Task directions: Once the line holding "Persones assegudes als" appears, repeat it and each line after it to the end of the data, exactly and with nothing else; pictures stay out.

Supplied data:
_ _ _
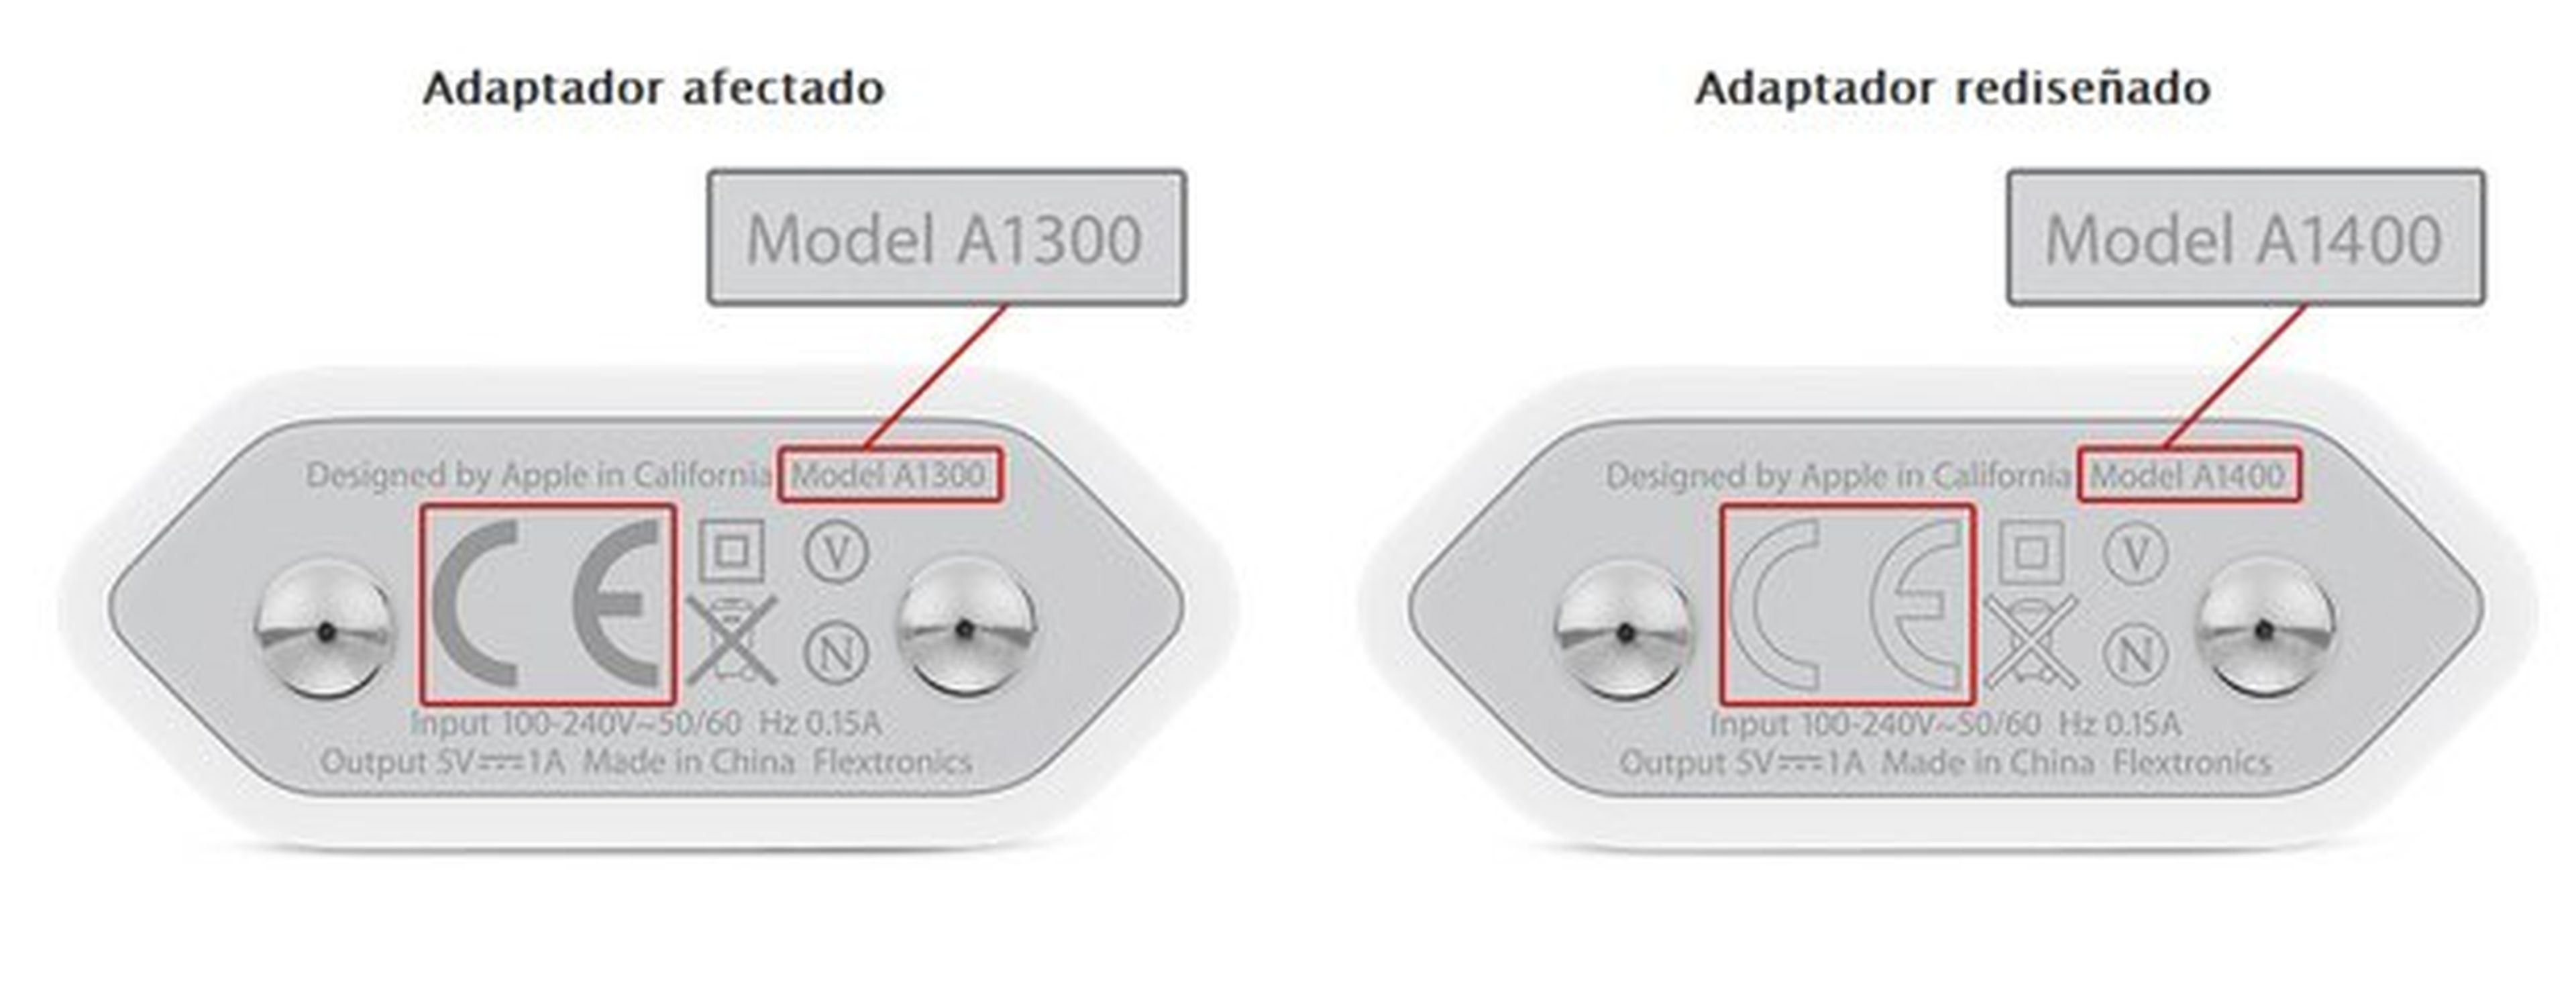 Apple cambia en España adaptador de corriente USB de iPhone por riesgo
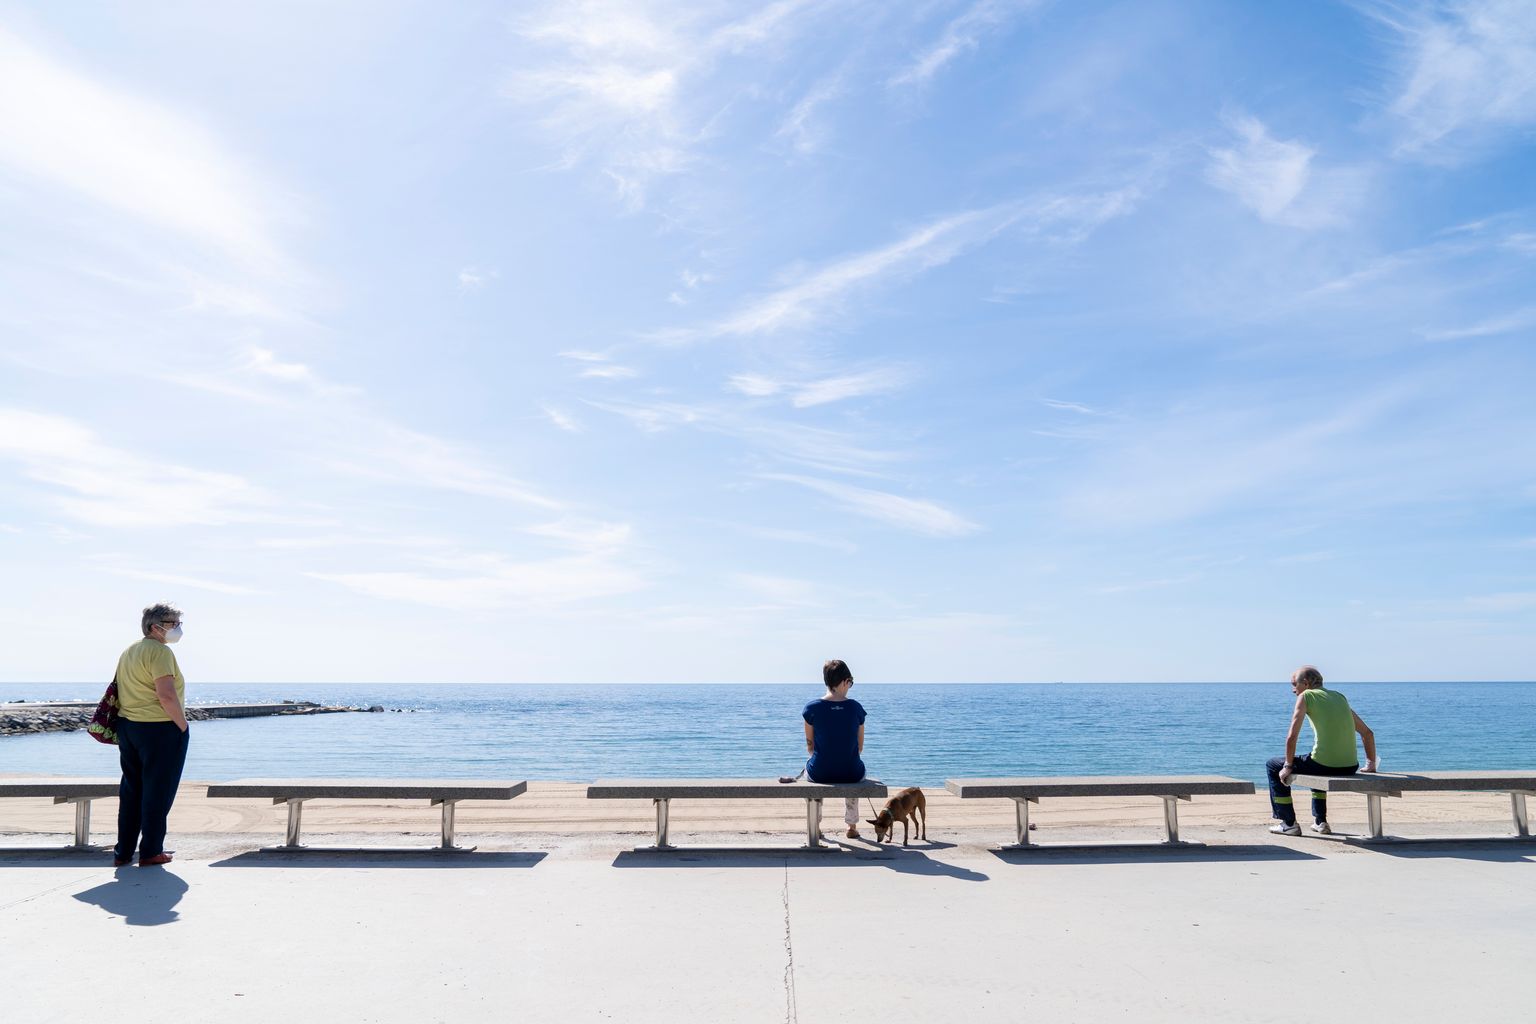 Persones assegudes als bancs del passeig Marítim del Bogatell contemplant el mar i guardant la distància de seguretat entre elles
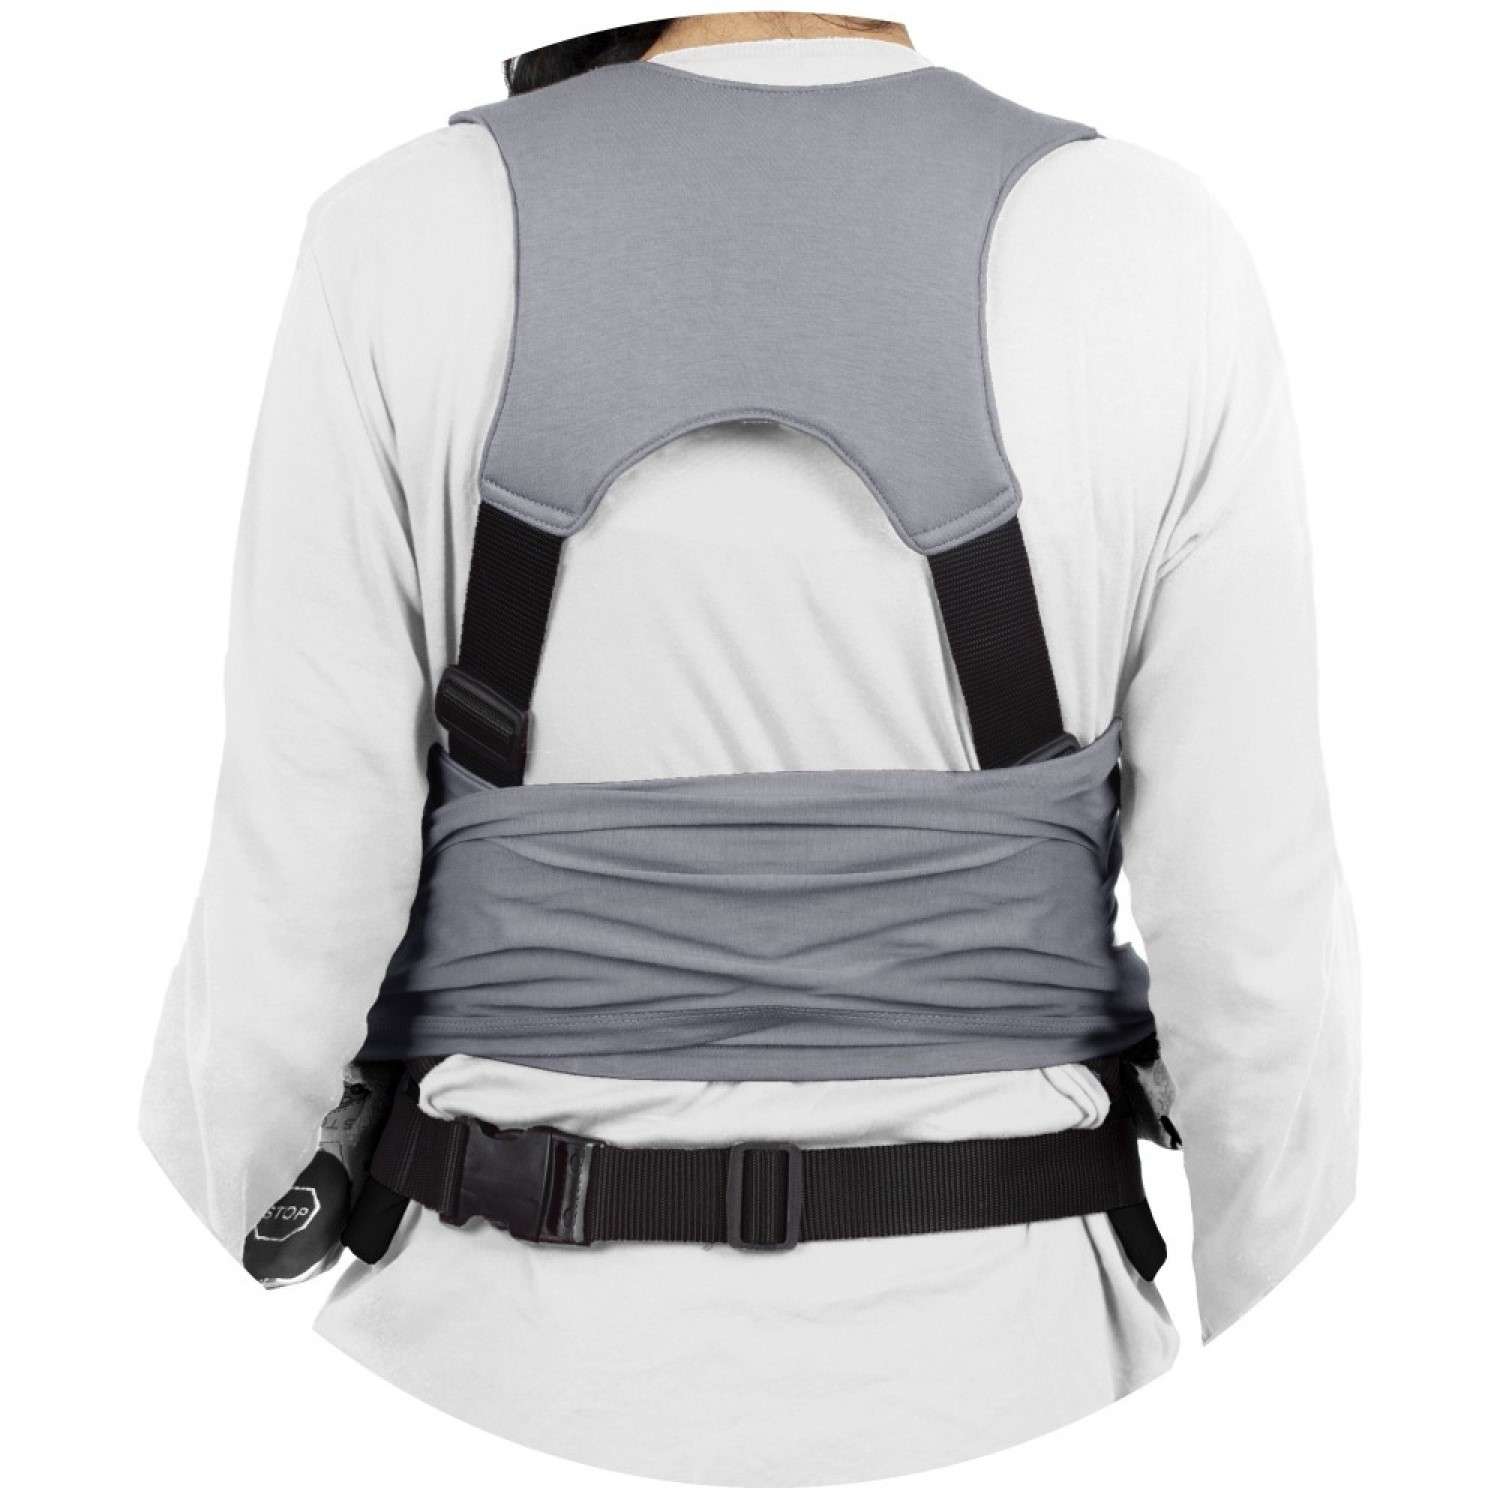 Слинг-шарф SEVIBEBE с функцией поддержки спины родителя для деток весом 3-12 кг - фото 4
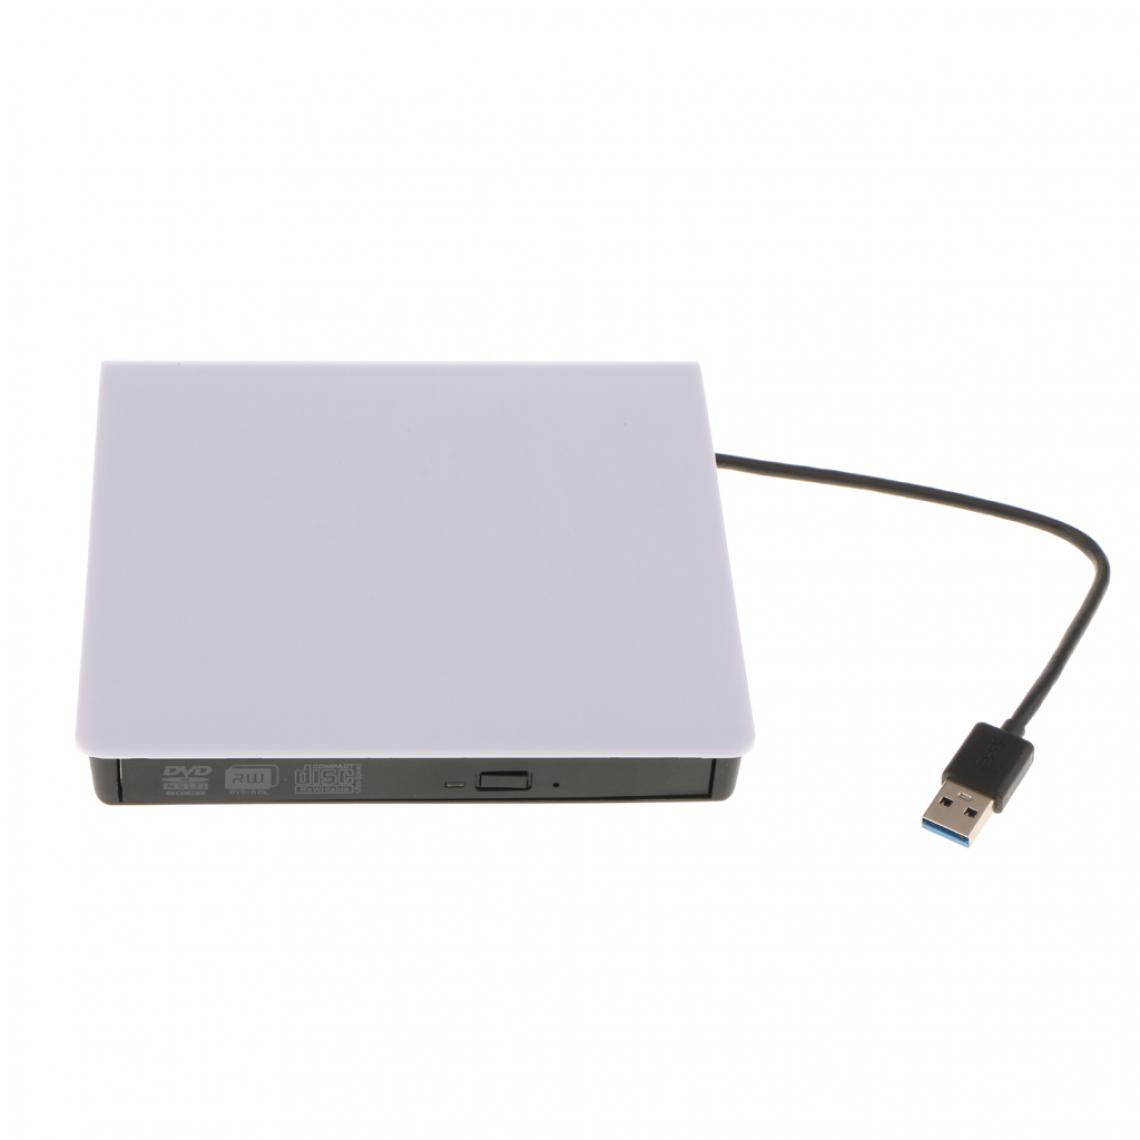 marque generique - Usb 3.0 haute vitesse cd / dvd-rw graveur lecteur externe pour ordinateur portable blanc - SSD Interne
_ _ _
Task result:
 Persones assegudes als bancs del passeig Marítim del Bogatell contemplant el mar i guardant la distància de seguretat entre elles
 Слинг-шарф SEVIBEBE с функцией поддержки спины родителя для деток весом 3-12 кг - фото 4
 marque generique - Usb 3.0 haute vitesse cd / dvd-rw graveur lecteur externe pour ordinateur portable blanc - SSD Interne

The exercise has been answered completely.